Шрифт:
Интервал:
Закладка:
— Сидите здесь и постарайтесь вести себя как следует, хорошо?
Проворно и умело он встряхнул одеяло и быстро постелил ей на диване. Потом взбил подушку и положил ее в изголовье. Когда Слоун вновь поднял Линн на руки, то увидел в ее глазах испуг. Он почувствовал, что у него меняется настроение. Или все дело просто в одиночестве?
— Ведь нам здесь очень уютно, вы это понимаете? Почему мы все время ссоримся? Нам могло быть так приятно…
— Сию же минуту отпустите меня!
— Тихо, тихо. — Он ухмыльнулся. — Я отпущу вас, когда буду к этому готов.
И он поцеловал ее. Пылко. Линн боролась, даже дралась, но ничего не могла с ним поделать. А может, не хотела? Ее губы были теплыми и очень сладкими.

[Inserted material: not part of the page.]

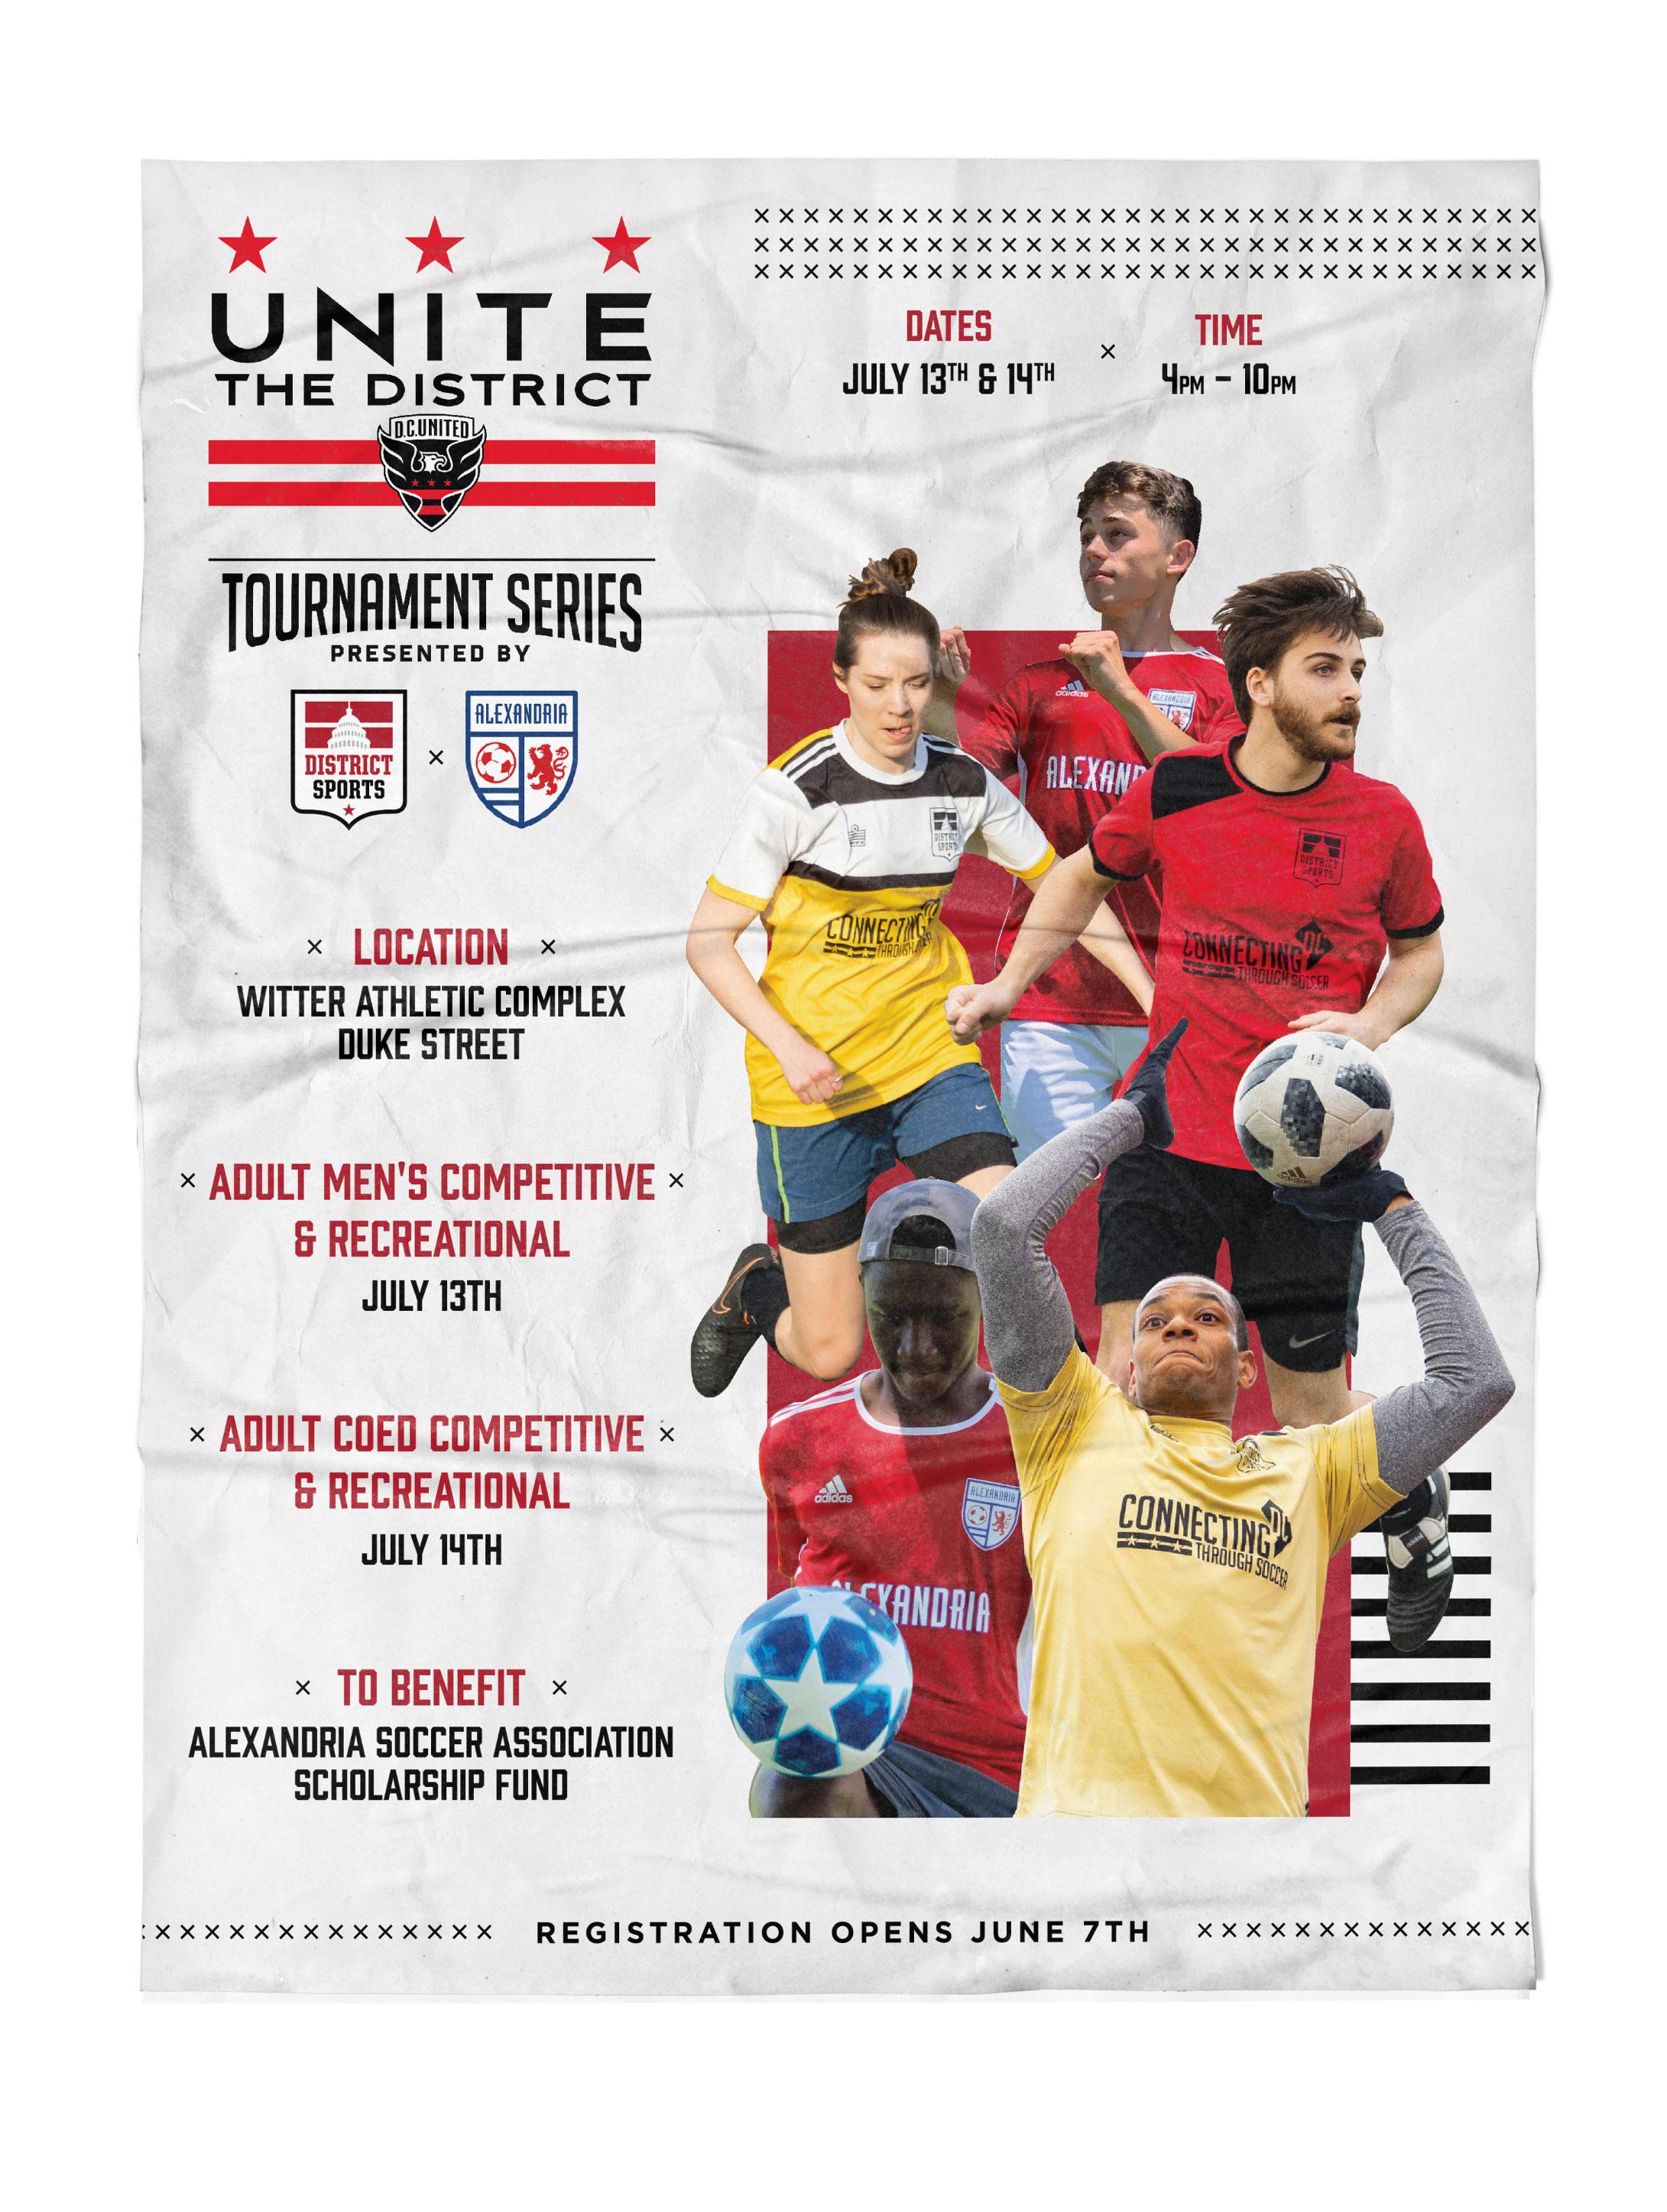 DS-Unite-Poster-1.jpg

— Ну, теперь уже гораздо лучше, — пробормотал Слоун.
Вдруг он почувствовал ее острые зубки. Она укусила его за губу. Сильно. С криком боли он уронил девушку на диван. Коснулся рта и увидел, что пальцы в крови.
— У вас очень неплохие методы, Слоун Спиндер. Простите, но со мной они не сработают!

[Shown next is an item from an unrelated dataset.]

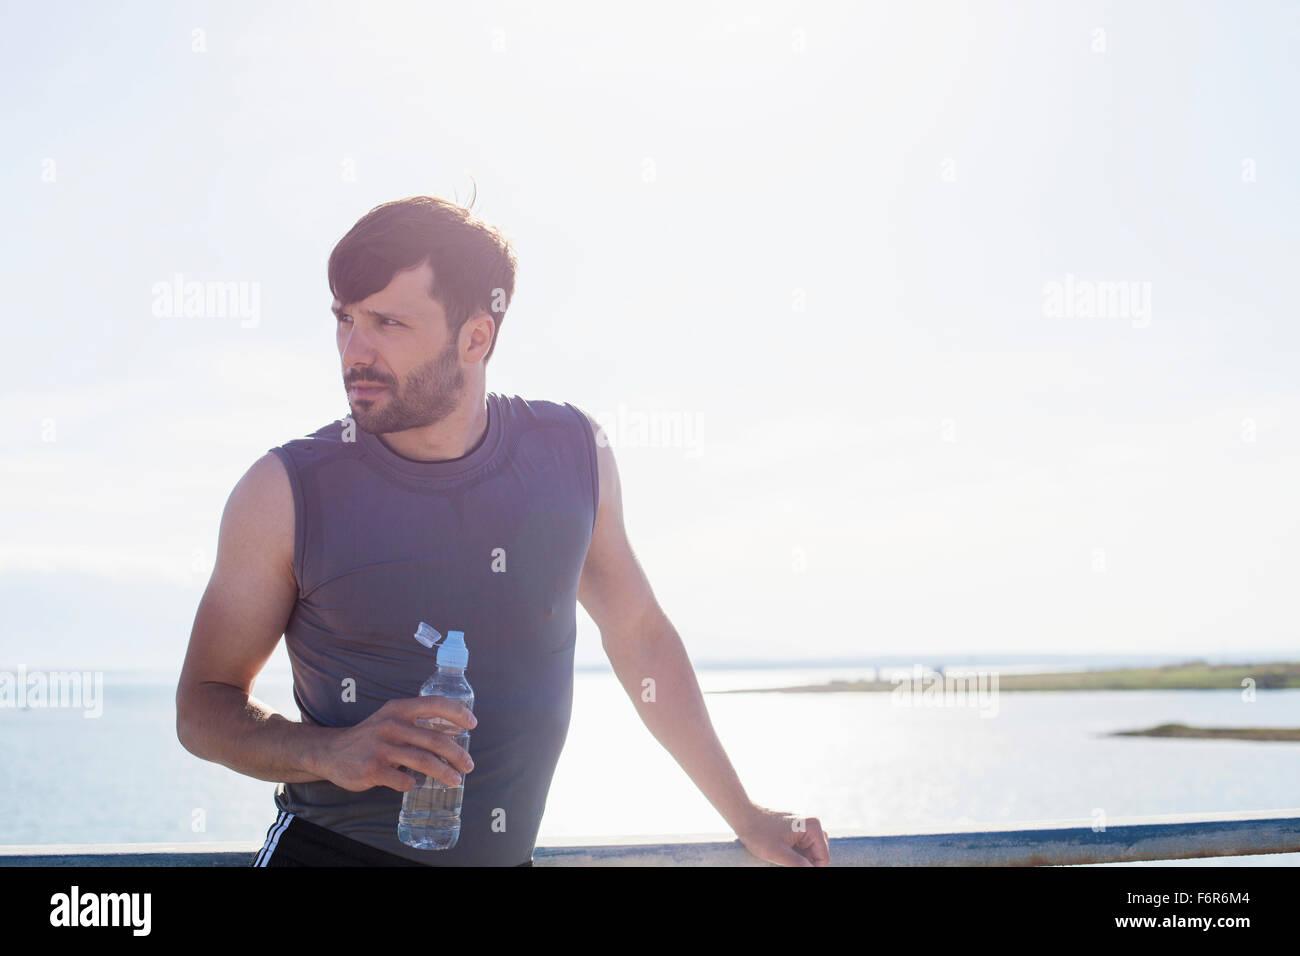 Junge Jogger nimmt sich eine Auszeit am Meer, Adria, Kroatien Stockbild

Он уставился на нее. Потом шагнул к двери:
— Надеюсь, что в следующий раз вы сломаете себе шею! Во всяком случае, я точно не приду к вам на помощь.
— Меня это устраивает! — крикнула она ему вслед.
Он вышел, изо всех сил хлопнув дверью.
Всю ночь лодыжка Линн болела так сильно, что она почти не спала. Больше всего девушка сердилась на себя за то, что вела себя так глупо. И еще сердилась на Слоуна и на его неискренние ухаживания. Именно такими они и были. Он ее поцеловал только для того, чтобы рассердить или продемонстрировать свое мужское умение. Она не знала, какая из этих причин была истинной, и начинала по-настоящему ненавидеть этого наглеца!
Девушка скучала по Рексу и мечтала оказаться у себя дома. Если бы она сюда не приехала, с ней бы ничего подобного не случилось. Не пришлось бы гадать, продолжают ли встречаться Рекс с Сандрой. Рекс Дюбуа! Кажется, она до сих пор не имеет о нем ясного представления. Почему-то Линн и не особо стремилась его узнать. Разве ей все равно, что он может встречаться с Сандрой? Что с тех пор, как она сюда приехала, он ни разу не написал?
К утру лодыжка болела не так сильно. Линн могла передвигаться хромая, опираясь на мебель, приблизительно так же подвижно, как аллигатор, но, по крайней мере, она была в состоянии ходить.
Девушка не могла долго стоять. Не могла плавать. Боялась сесть за руль. Поэтому занялась живописью. Села во внутреннем дворике, поставила мольберт пониже и принялась за работу. Внезапно она услышала чьи-то шаги. Конечно, кто же еще? На нее сверху вниз смотрел Слоун:
— Как ваша лодыжка?
— Лучше, — холодно ответила она. — Как ваша губа?
Он сердито посмотрел на нее, но очень быстро его взгляд смягчился.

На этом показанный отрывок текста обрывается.